## [Task]
In your copy, leave out the pictures and reproduce the listing below exactly.

┌─ Supplied data

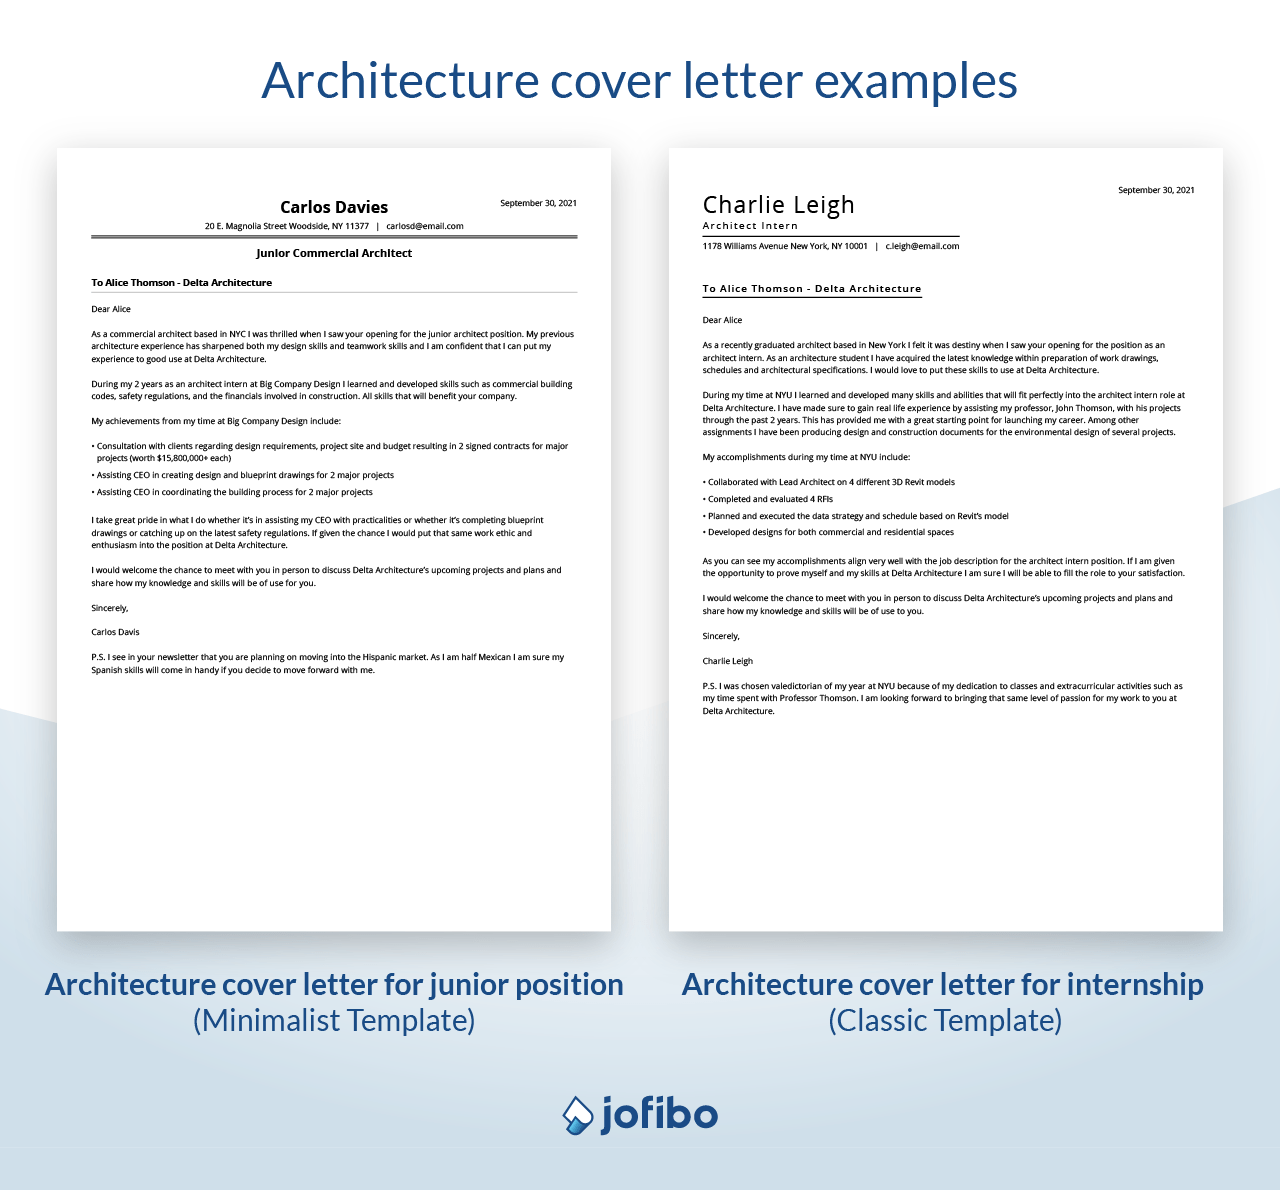 Architecture cover letters examples for intern position and junior position
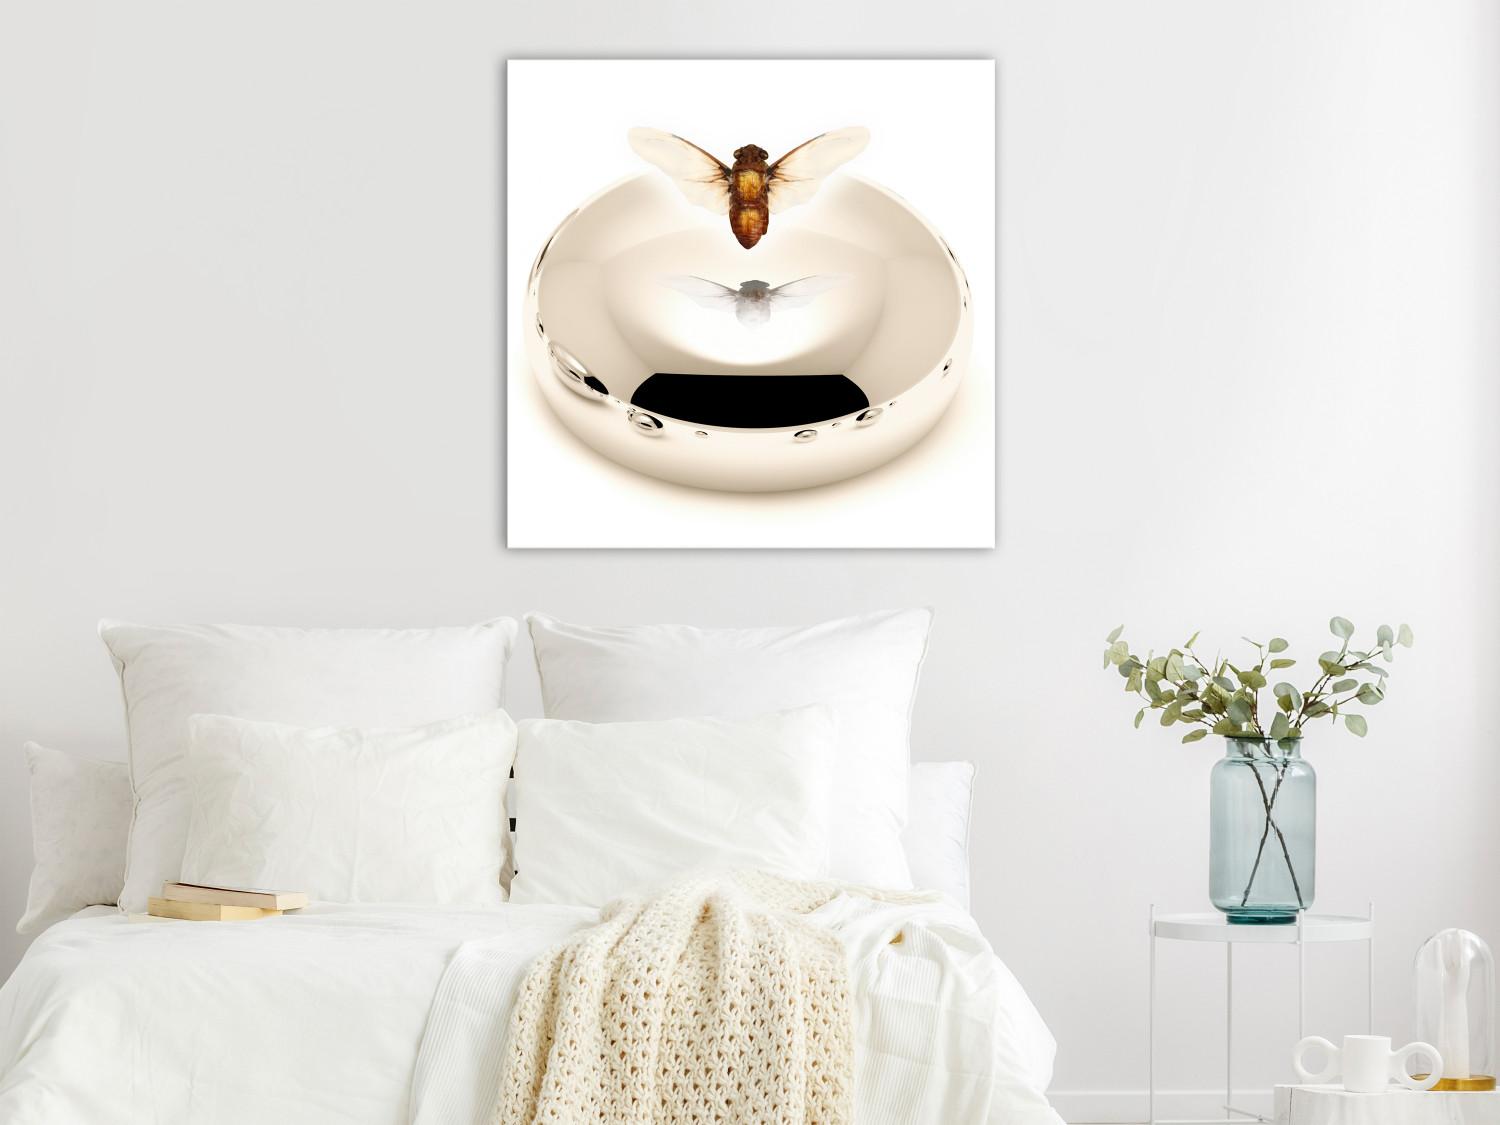 Canvas Released from amber - abstract gold 3D motif with an insect
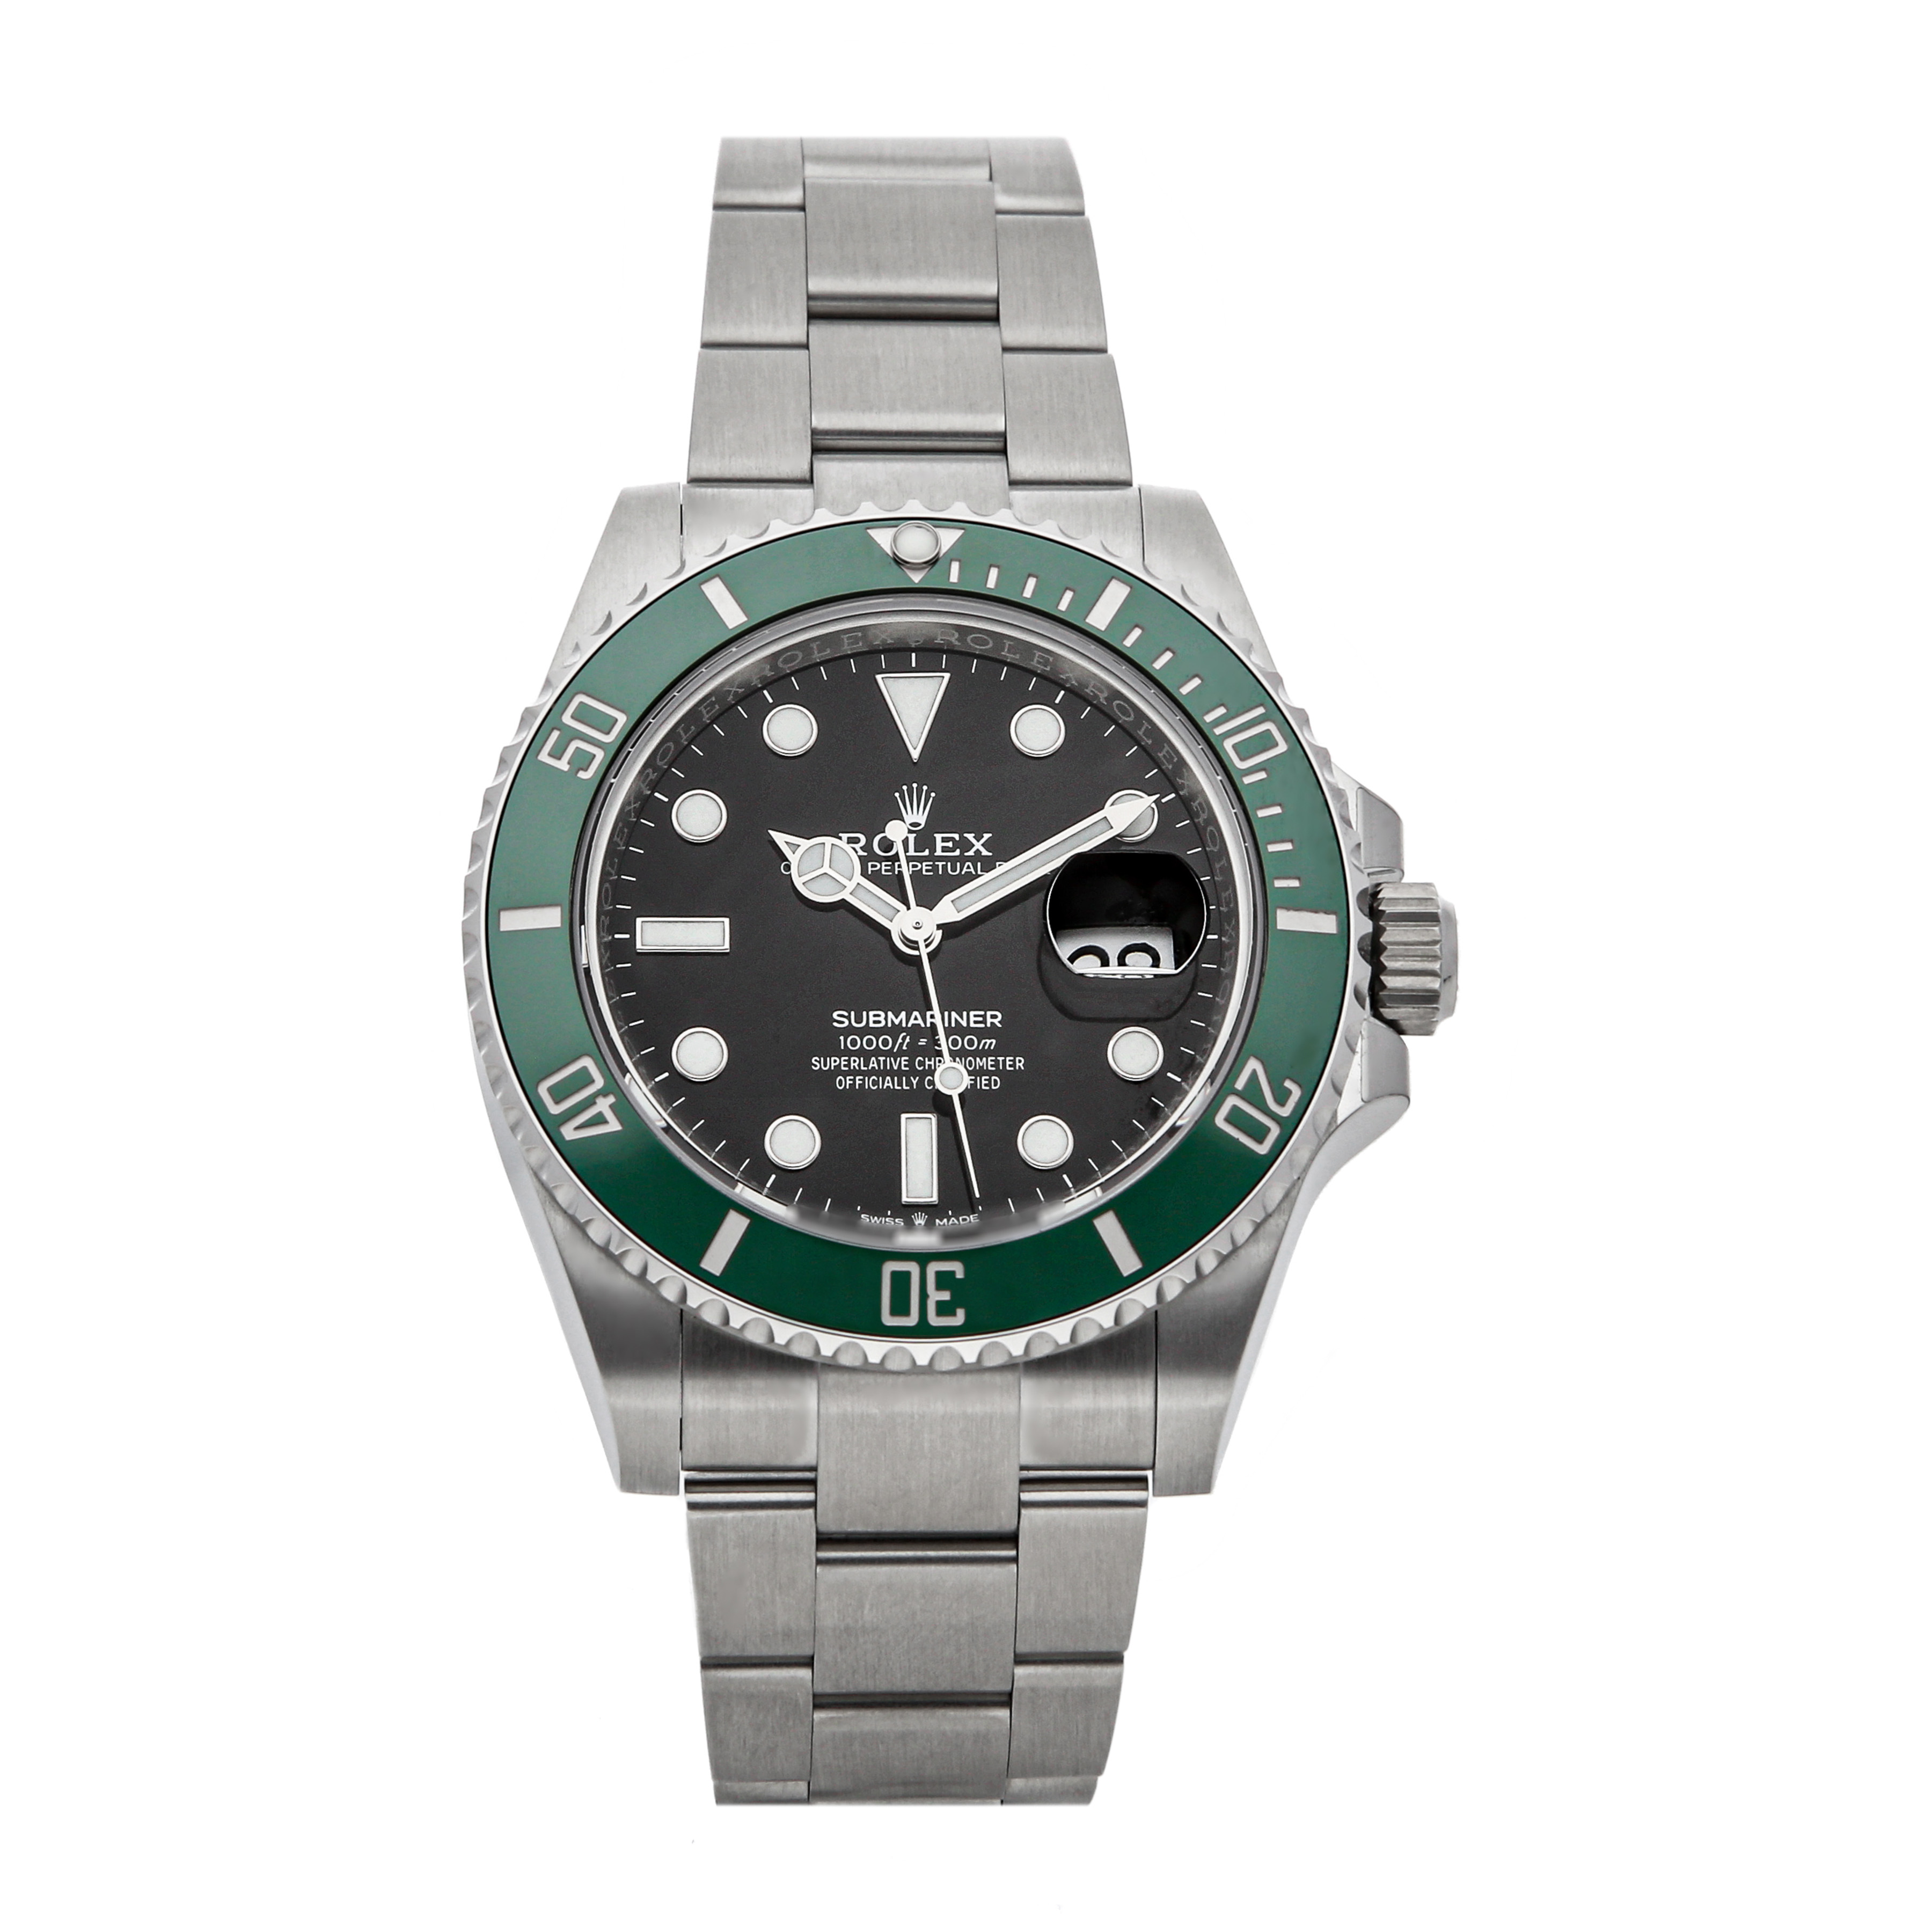 where can i buy a rolex submariner

└─

## [Finished exercise]
 Architecture cover letters examples for intern position and junior position
 Canvas Released from amber - abstract gold 3D motif with an insect
 where can i buy a rolex submariner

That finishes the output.